Looks like a retriever mix to me. What a cutie! I'll bet she is a smart one!


----------



## greg bell (May 24, 2005)

I agree..the ears just don't look right for a golden pup..but she is a sweetheart..


----------



## Charlie06 (Feb 10, 2007)

When I first saw the pic it reminded me of a husky in the face. Very cute....I'm sure it won't be long before someone takes her...


----------



## robinsegg26 (Nov 14, 2006)

thanks guys... wasnt sure about her ears either. and her face in general... and you are right shes really cute!!! and will be adopted really quick.. you should have seen all of the dogs on the email she came with... breaks your heart..

Paws to the Rescue here in SC is actually taking donations from people and paying for HW test for the dogs in the shelters before they try and find rescues to take them. Its a great organization.

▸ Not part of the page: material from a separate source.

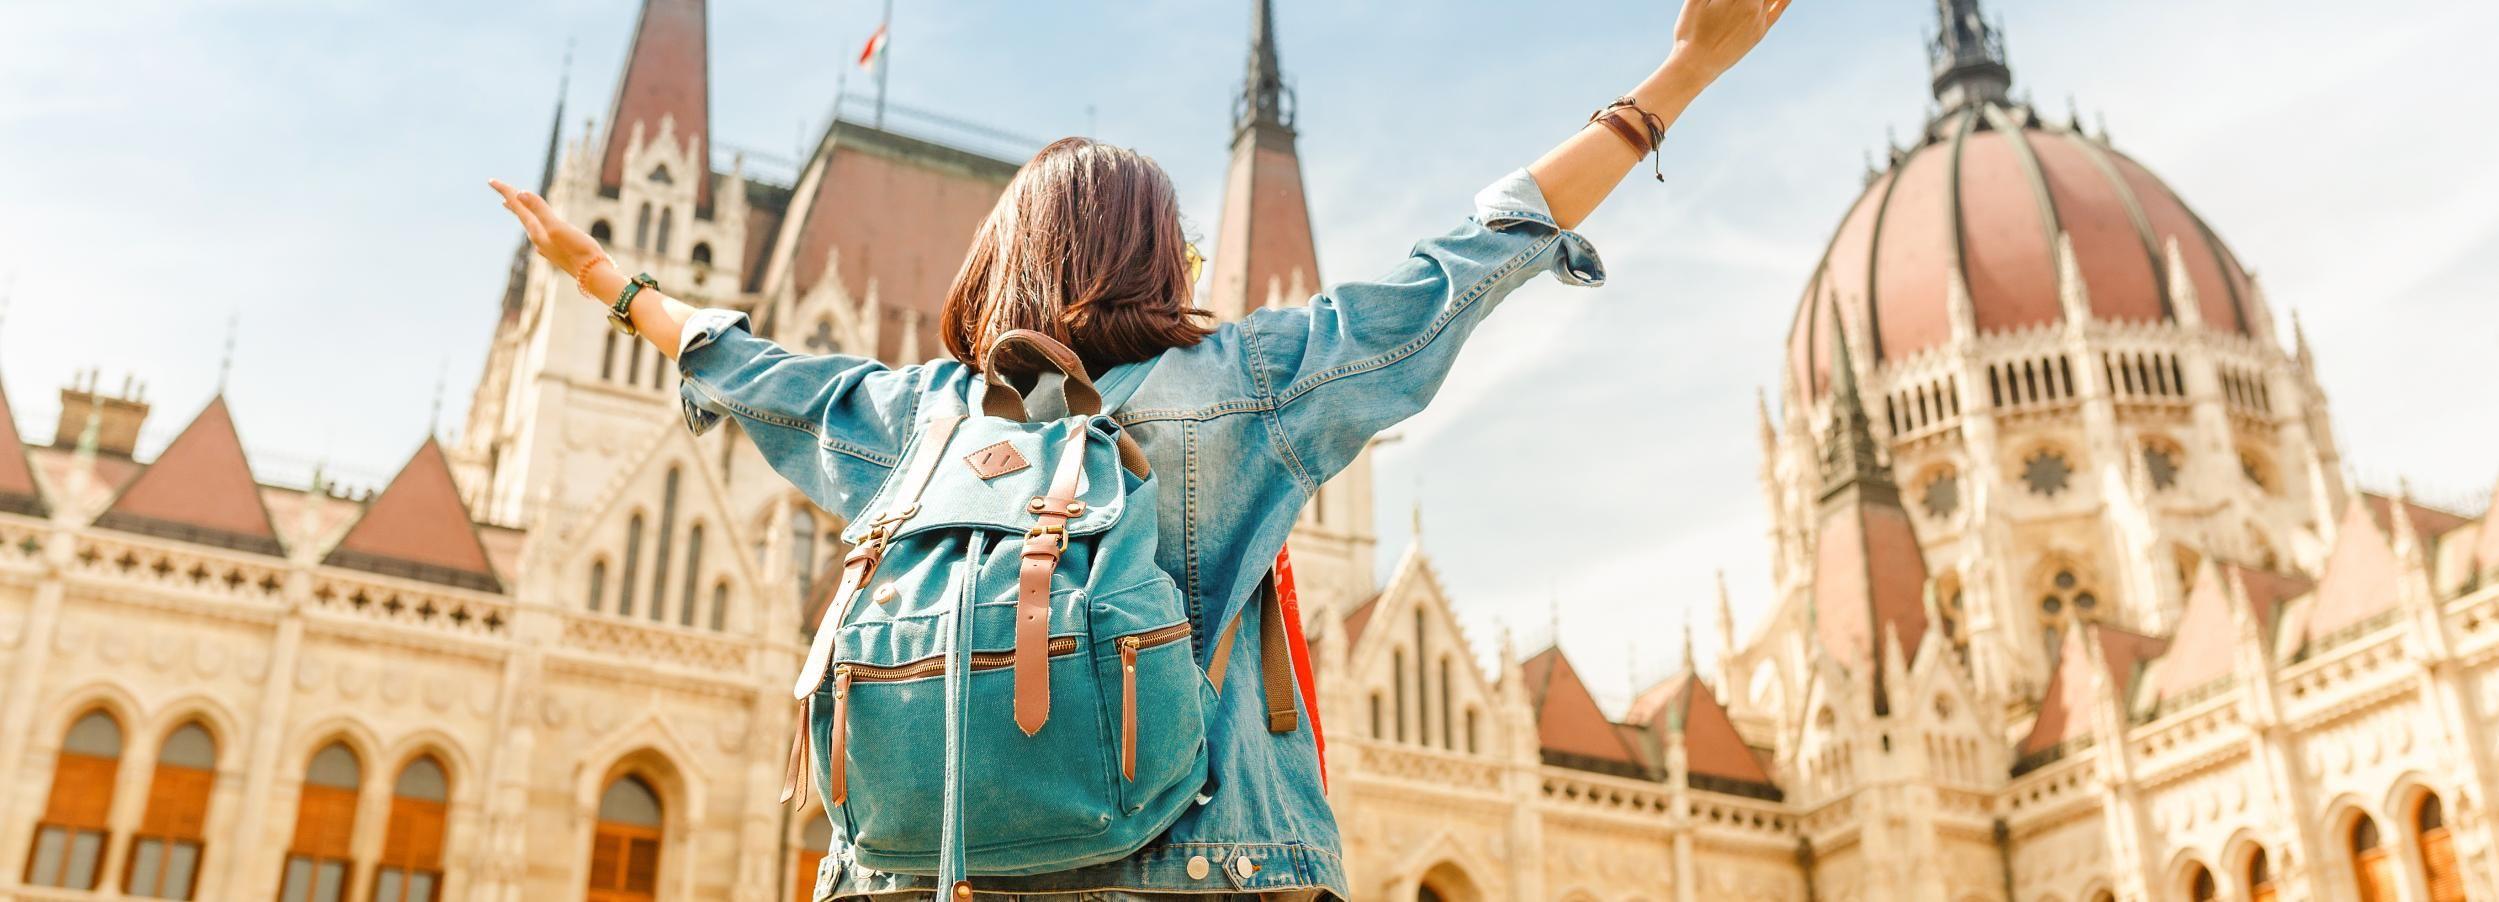 布達佩斯:1小時國會遊覽及酒店接客服務

And it helps place them faster if you can tell the rescue they are HW positive...


----------



## Boofy Bonbon (Feb 25, 2007)

She looks very much like a Collie X Golden puppy I saw on a walk, but I agree the eyes look like one of a husky, probably isn't though. 

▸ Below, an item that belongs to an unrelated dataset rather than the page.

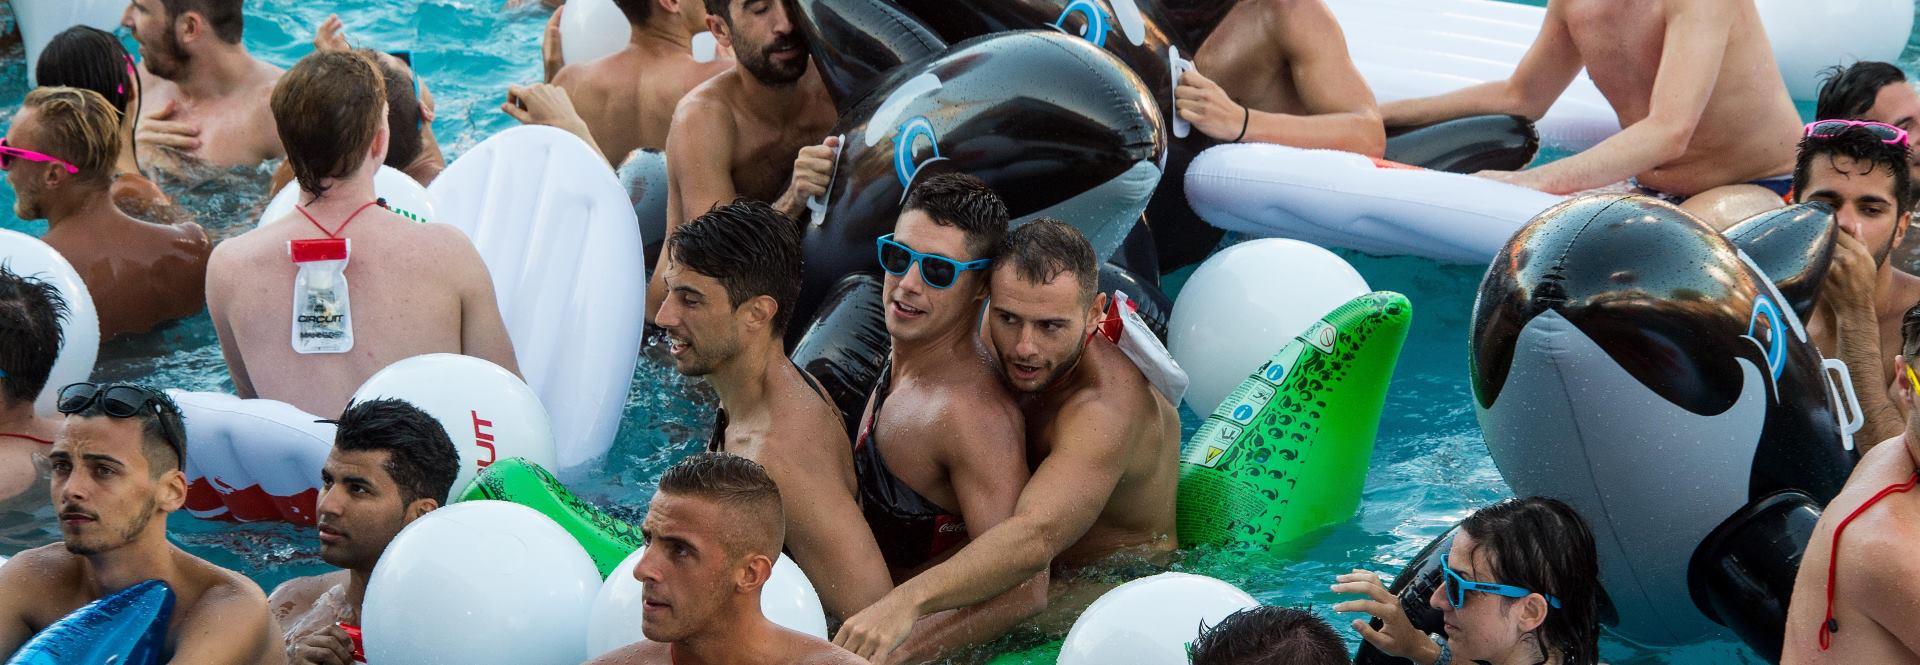 FOTO: Traje najveći LGBT festival u Europi

I'm sure she will get adopted quickly.


----------



## GoldenShamus (Feb 26, 2007)

Looks like a golden mix to me, but looks like a lot of golden!


----------



## gold'nchocolate (May 31, 2005)

My first thought was Golden/Collie mix. What I can't understand, though  , is how anyone can throw a puppy out of a car window!!!!!!!:no:


----------



## DanielleH (Nov 4, 2006)

gold'nchocolate said:


> My first thought was Golden/Collie mix. What I can't understand, though  , is how anyone can throw a puppy out of a car window!!!!!!!:no:


Thats what I was thinking too, a golden/collie mix.

Poor pup, how could someone be so cruel to something so precious!! People can definitly be stupid, hateful, and cruel. 
I am glad she will be okay though.. poor pup..


----------



## Goldndust (Jul 30, 2005)

She looks like a mix to me too, but she sure is a cute little fur ball. Some people are very cruel, and that is very sad that someone could have even done that.


----------



## Karen519 (Aug 21, 2006)

*Adorable..*

That puppy is absolutely adorable. She looks a LOT like a Golden to me-could be a Golden Ret./ Collie Mix-what does it matter if she's not purebred.

Golden Ret. and Collie are two WONDERFUL breeds. Hope someone adopts her-can't believe anyone could be so cruel to throw a dog out of a window!!


----------